As to my Beaufort makes, I did use them (the adjunct cultures) in the vat, but it's likely a waste....given the high cooking temps (some are more heat labile than others), a long maturation - 4-6 months and up - and the nature of gruyere, hard rind, low Aw, etc., agree with Pav - sorry, Pav, if I've remembered poorly - but these adjuncts are largely wasted in a high-cooked vat.  So, if I were doing this commercially, I'd probably use it in morge (rind wash) only, and then, only to establish a cave.  Eventually, one would hope your cave is simply stable as an incredibly diverse bio-environment.  But all that's discussed above, so won't bore with redundancy here.

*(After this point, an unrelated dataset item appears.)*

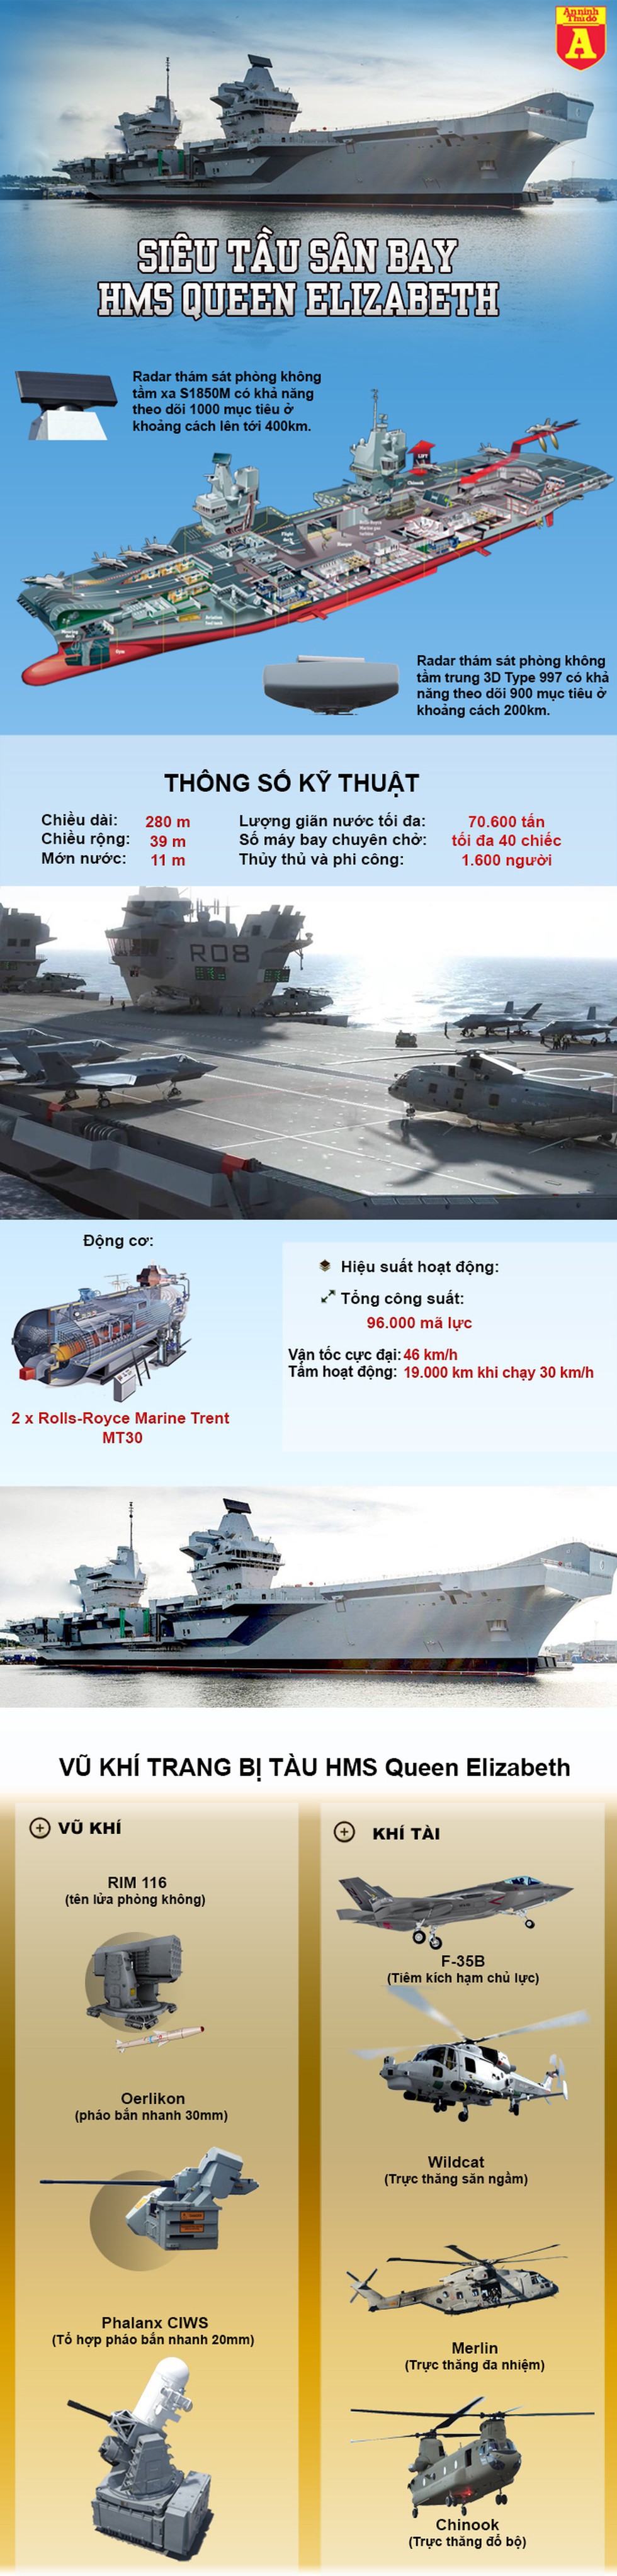 [Infographic] Phớt lờ cảnh báo từ Trung Quốc, Anh đem tàu sân bay để bảo đảm tự do hàng hải tại biển Đông - Ảnh 1

I can only re-affirm how much I love the use of mother culture inoculation.  My thanks again to Sailor, and the others who contributed to his thread.

Edit:  Sorry, I believe this is the article discussing rind flora in Gruyeres.  (Warning: PDF).  It's an interesting article, field studies on several plants, isolating the preponderance (and percentages) of L. casei and L. rhamnosus among gruyeres.  From Le Lait.  I relied on this, among many other sources, in deciding on at least some rhamnosus.
- Paul

NimbinValley

Thanks for that.

Just checking but I thought LBC 80 was paracasei, not rhamnosus.  But the logic of what you are saying is the same regardless.

That makes sense about the high temps affecting them.

NVD

ArnaudForestier

NVD, LBC 80 is L. casei ssp. rhamnosus.  Here's one sheet, FYI.

Glad to help, anytime; I hope whatever I've written is helpful.

Except for the next stretch.   ;D  Folks, it's been enjoyable to be back, as always.  Unfortunately my addictive proclivities mean I am finding it so easy to write here, and so difficult to keep my butt down at my escritoire (uh, chair, light, shot of a denuded walnut out front), which is an important thing for me, has been for awhile.  Very great affection for you all,

Paul
- Paul

NimbinValley

#52
Thanks.

The confusing this is that LBC 81 and 82 seem to be both paracasei.  Phage variants I guess?

Also, could anyone explain the difference in results between Mycoderm and Mycodore?  Mycodore is a prohibited import into Australia for some reason...

NVD


iratherfly

No, the LBC 81 is variant of the LBC 80. The 82 is a different strain (and from some odd reason costs twice as much!) Interesting - I have never heard about it used for rinds either. Can anyone tell me about it? I use it in Tommes and Cantalet types only. I know it works differently than lactic starter but I don't know too much about it actually (yet). I am going to ask my microbiologist on duty (yes, I actually have one now!)

Do you want me to mail you some Mycodore? hehe... white powdery substance in international mail :)

Mycodore (trade name for Cylindrocarpon) and Mycoderm (trade name for Verticillium lecanii) are two entirely different species of fungi though they often coexist in rinds. They are both plant pathogens though Verticillium lecanii is better known to be pathogenic to incests (often used as pesticide).